I open the image in adobe camera RAW, I set the adjustment for correction of the lens in the Correction Lens TAB.
Than I go to the details tab, zoom to 100%, move the image to a place where you can find a surface that doesnt need sharpening, like the sky, press ALT (the image goes into black and white) and adjust the masking until this surface goes black. You will imediately see that the aparent noise of the sky will disappear.

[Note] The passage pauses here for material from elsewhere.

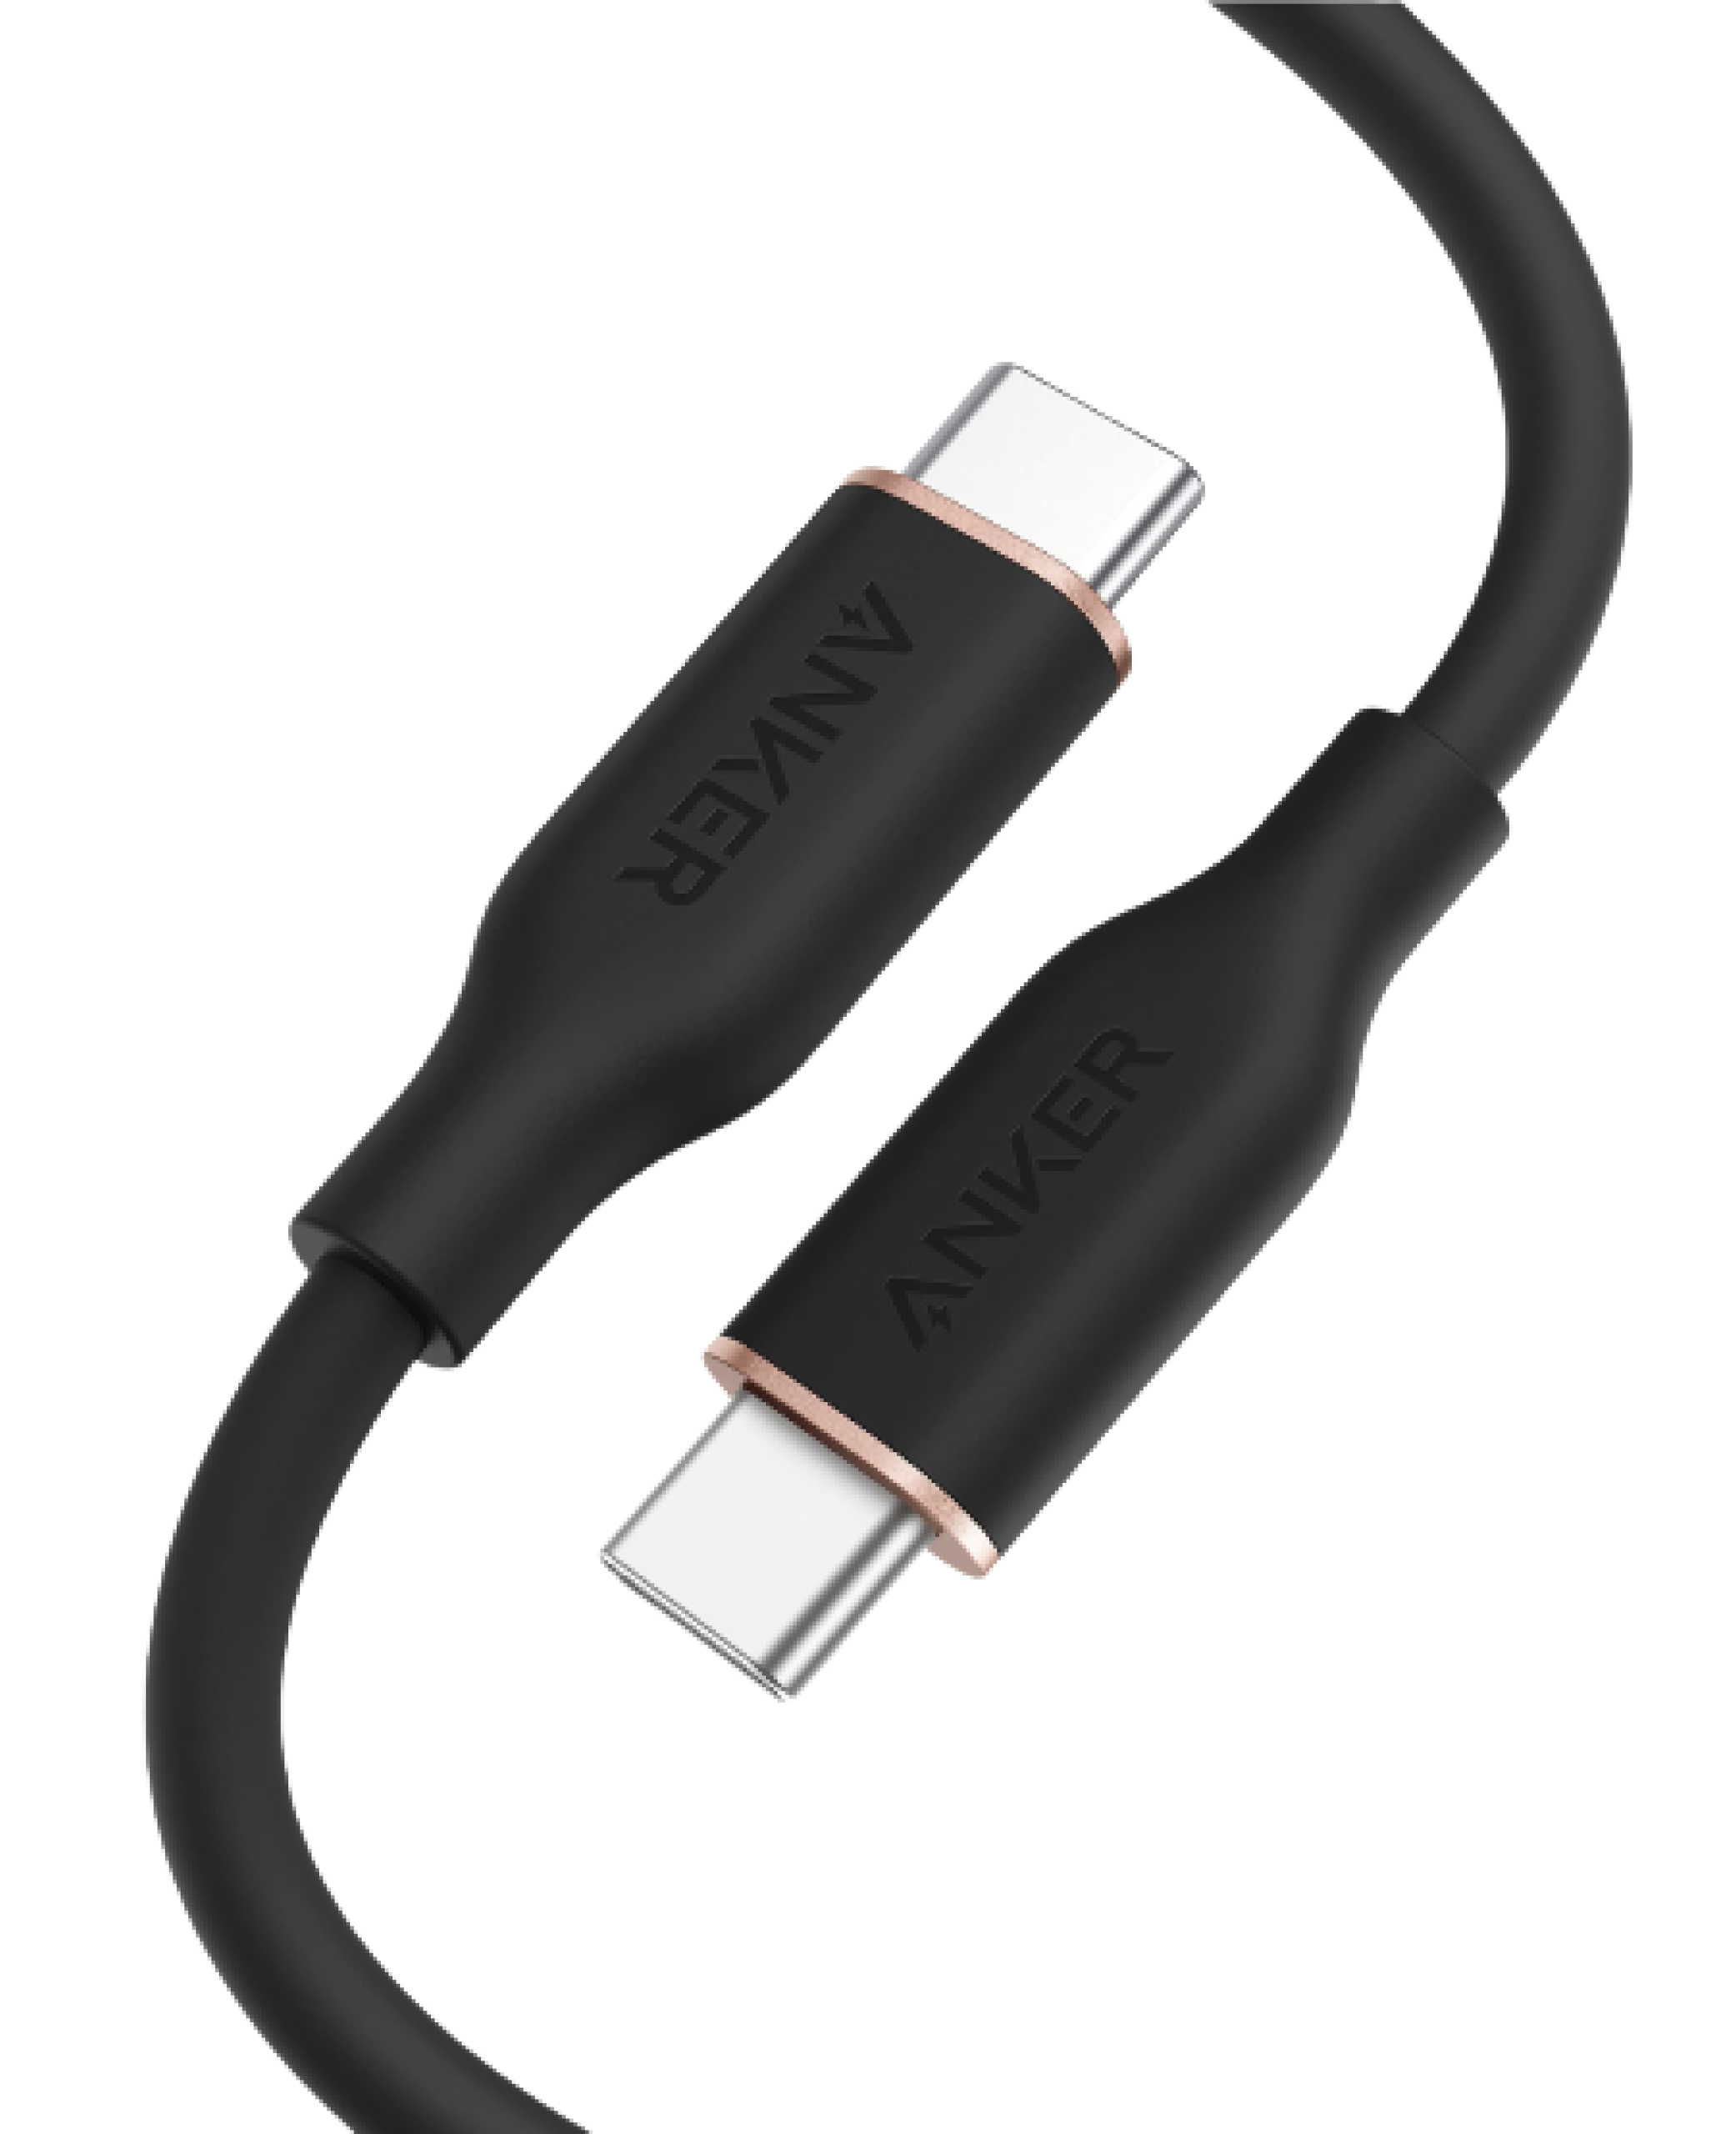 USB-C Cables - Anker US

Than I adjust the sharpness also pressing the ALT key
Even at low ISOs, one way that noise is often introduced is by increasing the exposure during processing. It's very likely that that's what's causing your problem. If you find yourself having to increase the exposure almost every time you process an image, perhaps you should consider increasing the Exposure Value (EV) Compensation on your camera, assuming you're using a DSLR. Some cameras have a natural tendency to either slightly over- or underexpose photos consistently and the EV Compensation can be used to help with that problem. If you don't have to adjust your exposure in post-processing, you minimize the possibility of noise.

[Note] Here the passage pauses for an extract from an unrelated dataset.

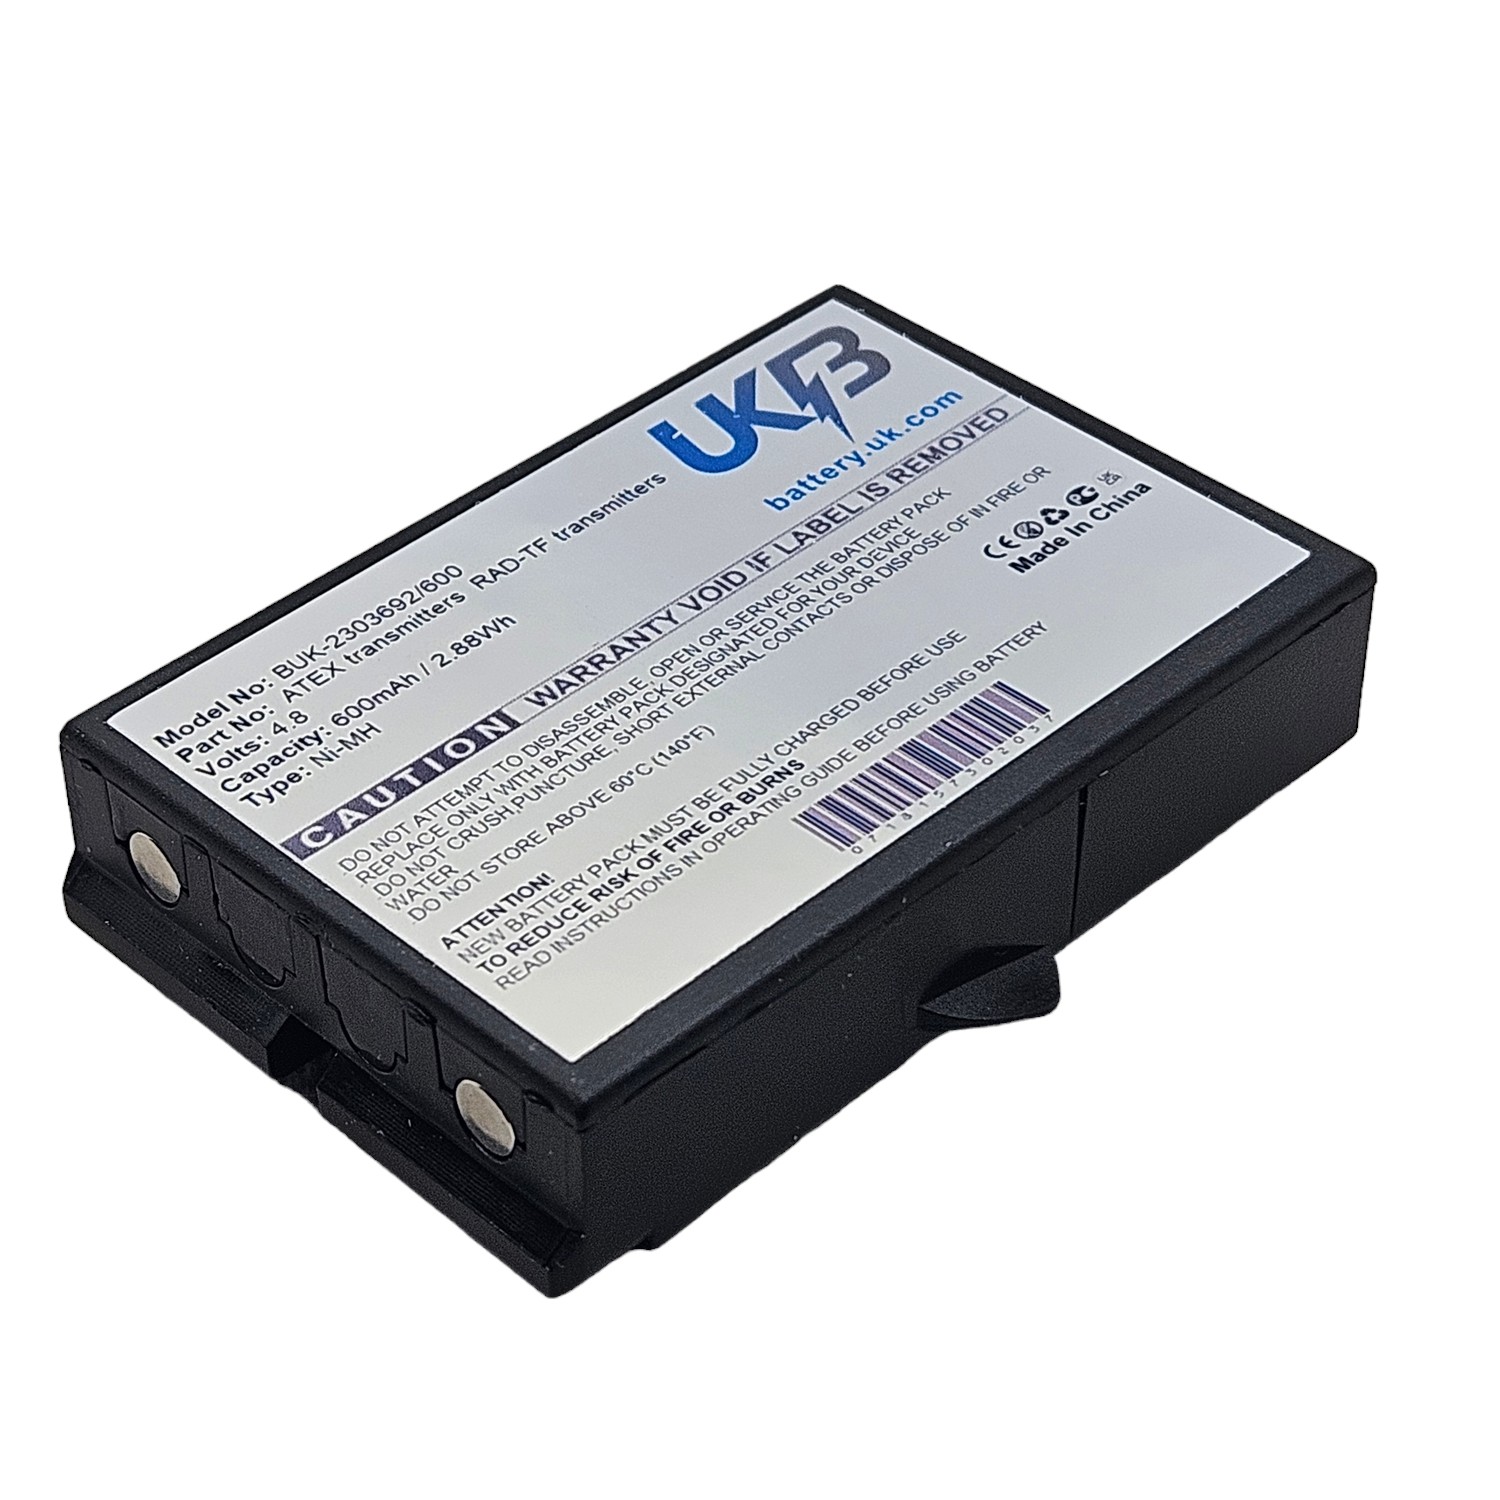 IKUSI TM70/iK2.13B LV Compatible Replacement Battery

For more information on EV Compensation, just Google it. If you have any questions about how to adjust it on your camera, it should be covered in your user's manual.

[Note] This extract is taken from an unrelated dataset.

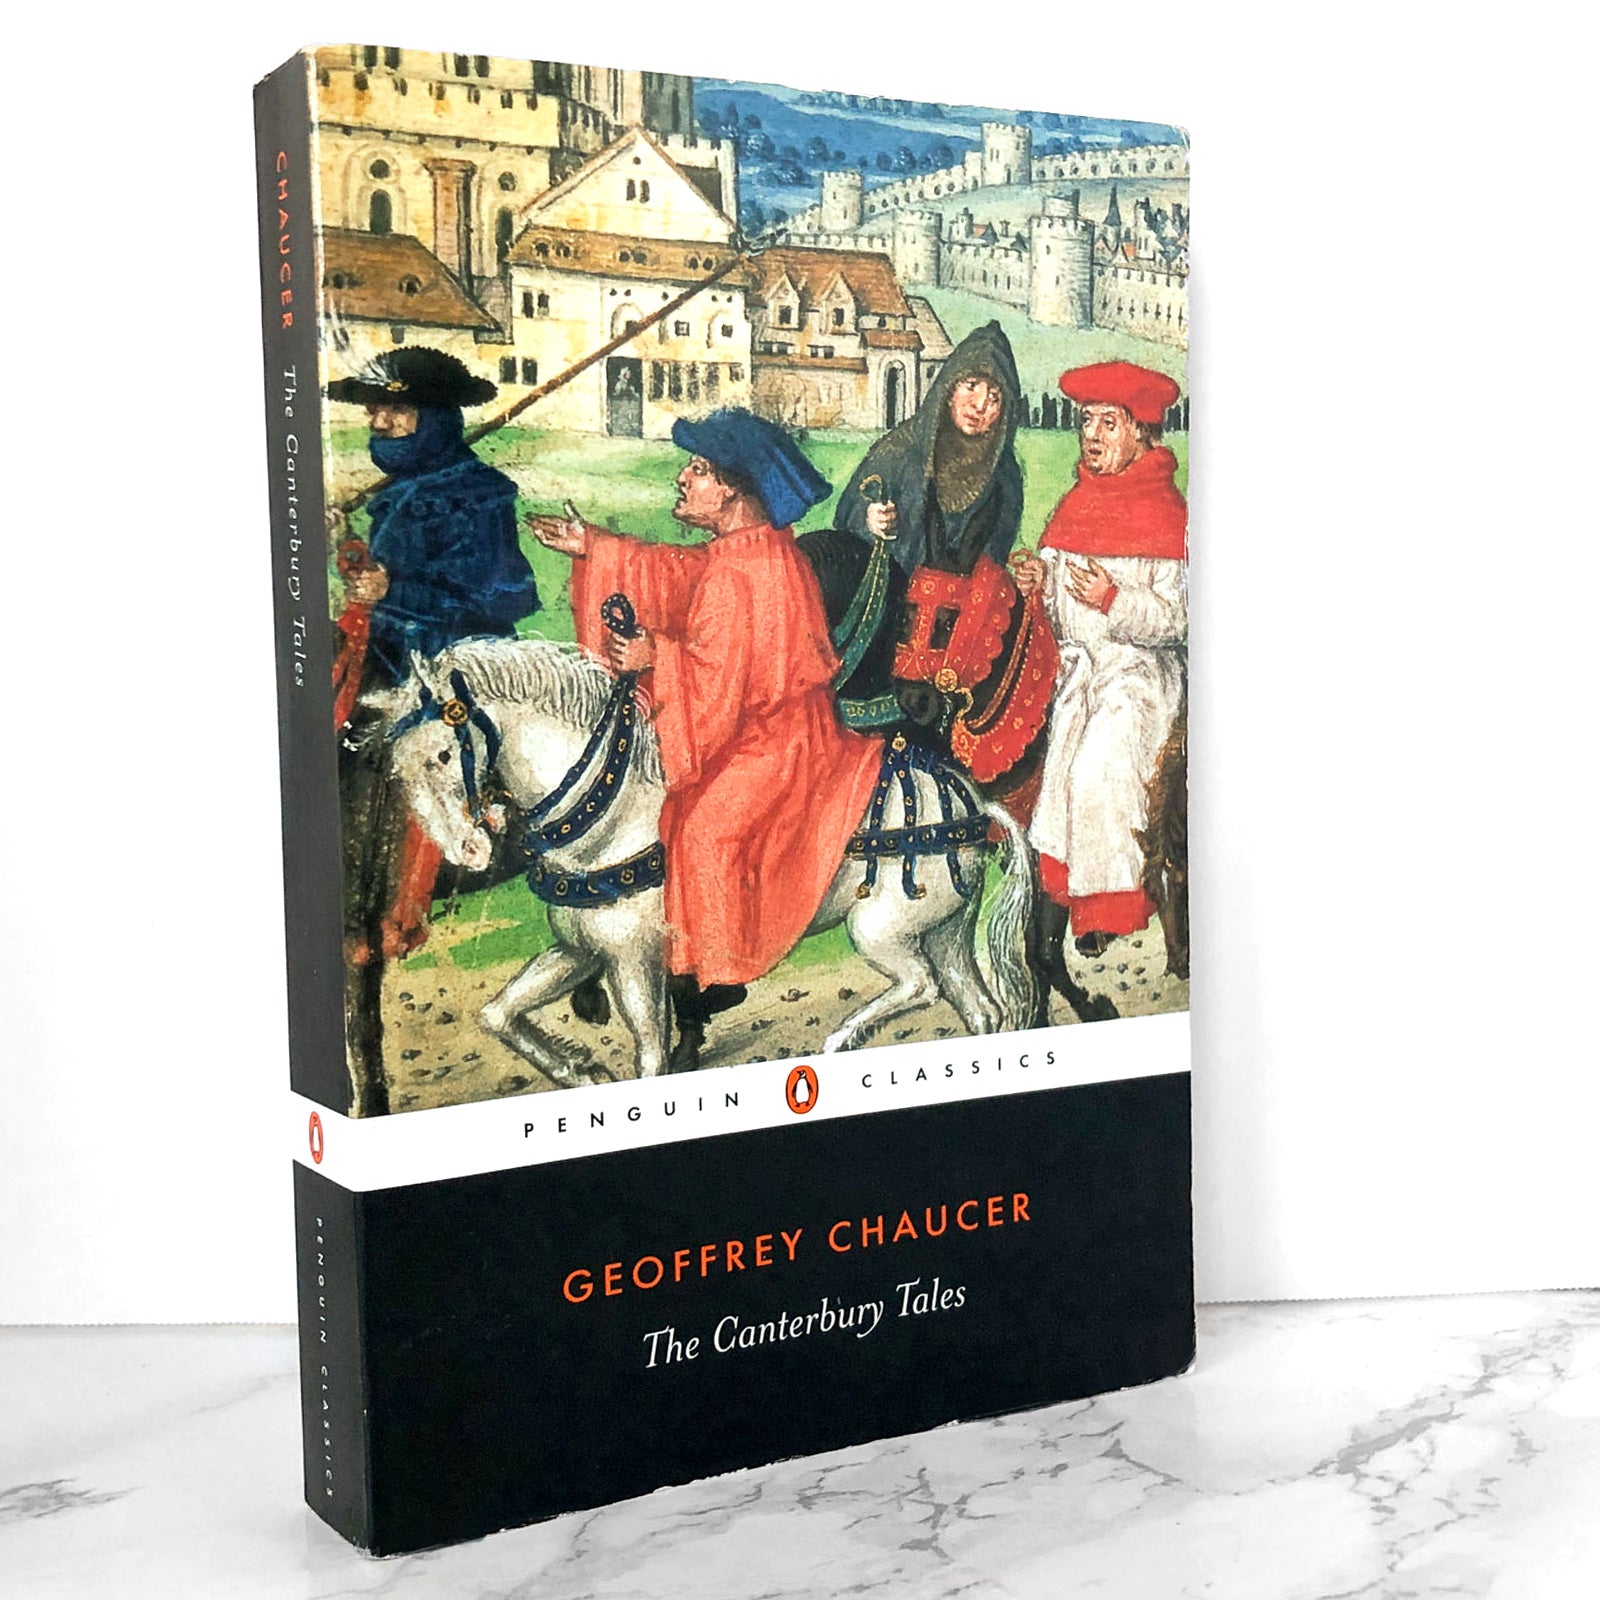 exposición provocar gobierno The Canterbury Tales by Geoffrey Chaucer [PENGUIN TRADE PAPERBACK / 19

Do not touch the "auto" button! :))) it always ruins everything. I mean if you click auto button and get noise, it is pretty expected.
Almost every change you make creates noise but it is barely visible most of the times. Maybe you can mail me the raw file and processed jpeg, so that I can see what's going on and help you with an exact solution :)
Thanks for the great info on RAW noise reduction everybody! I try to shoot the best exposure possible to keep from having to boost the exposure in Camera Raw and I usually only bump the Luminance up to +10. That one small adjustment to Luminance can make such a huge difference in the noise. I think the trick with Camera Raw is to not go overboard on any of the adjustments.
I have noiseless shots processed at +80 fill light, +100 contrast and -2 Exposure, lots of curves playing and +80 sharpening and only 10-15 luminance NR. If you know how to handle the information buried in RAW, you can create very interesting combinations.
I don't think +10 luminance will create that much of noise. There must be something different...did you check the raw settings. It is right under the preview image, a blue underlined line. It generally says "16 bit 240dpi 12mp Adobe RGB" etc etc bla bla...click on it and check the "sharpening" setting.
Parkinsonsniper, sorry, I wasn't explaining myself well in my previous post. What I meant when I said the +10 in Luminance makes a huge difference in the noise is that it makes huge difference in a good way!! That's all it takes to remove all the noise in a clear blue sky, for example :-) And now I am going to try the settings you posted and see what that does. Thanks!
I don't think Mike's having the same problems I've been having. From what I'm reading, he's simply saying that using the right adjustments can take care of the noise problems. In his experience, small adjustments are all that are needed.
I must say that this thread has become very helpful and interesting. I've tried your various suggestions, and the images are looking much better than they were before. The problems I was seeing seemed to have been introduced by a combination of the "Auto" features (primarily the exposure being brought up) and a large amount of default sharpening. By only bringing up the exposure and brightness a bit, reducing the amount of sharpening, and adding the luminance noise reduction has GREATLY reduced the problems that I was seeing. On the rather problematic images, I definitely need more than the +10 luminance that Mike mentions, and I sometimes still need to also do selective noise reduction in the image with Photoshop's other tools. However, these last steps are not needed on most images.
Thanks to all of you for giving some great tips on how to use the Camera Raw tool much more effectively than what I was doing.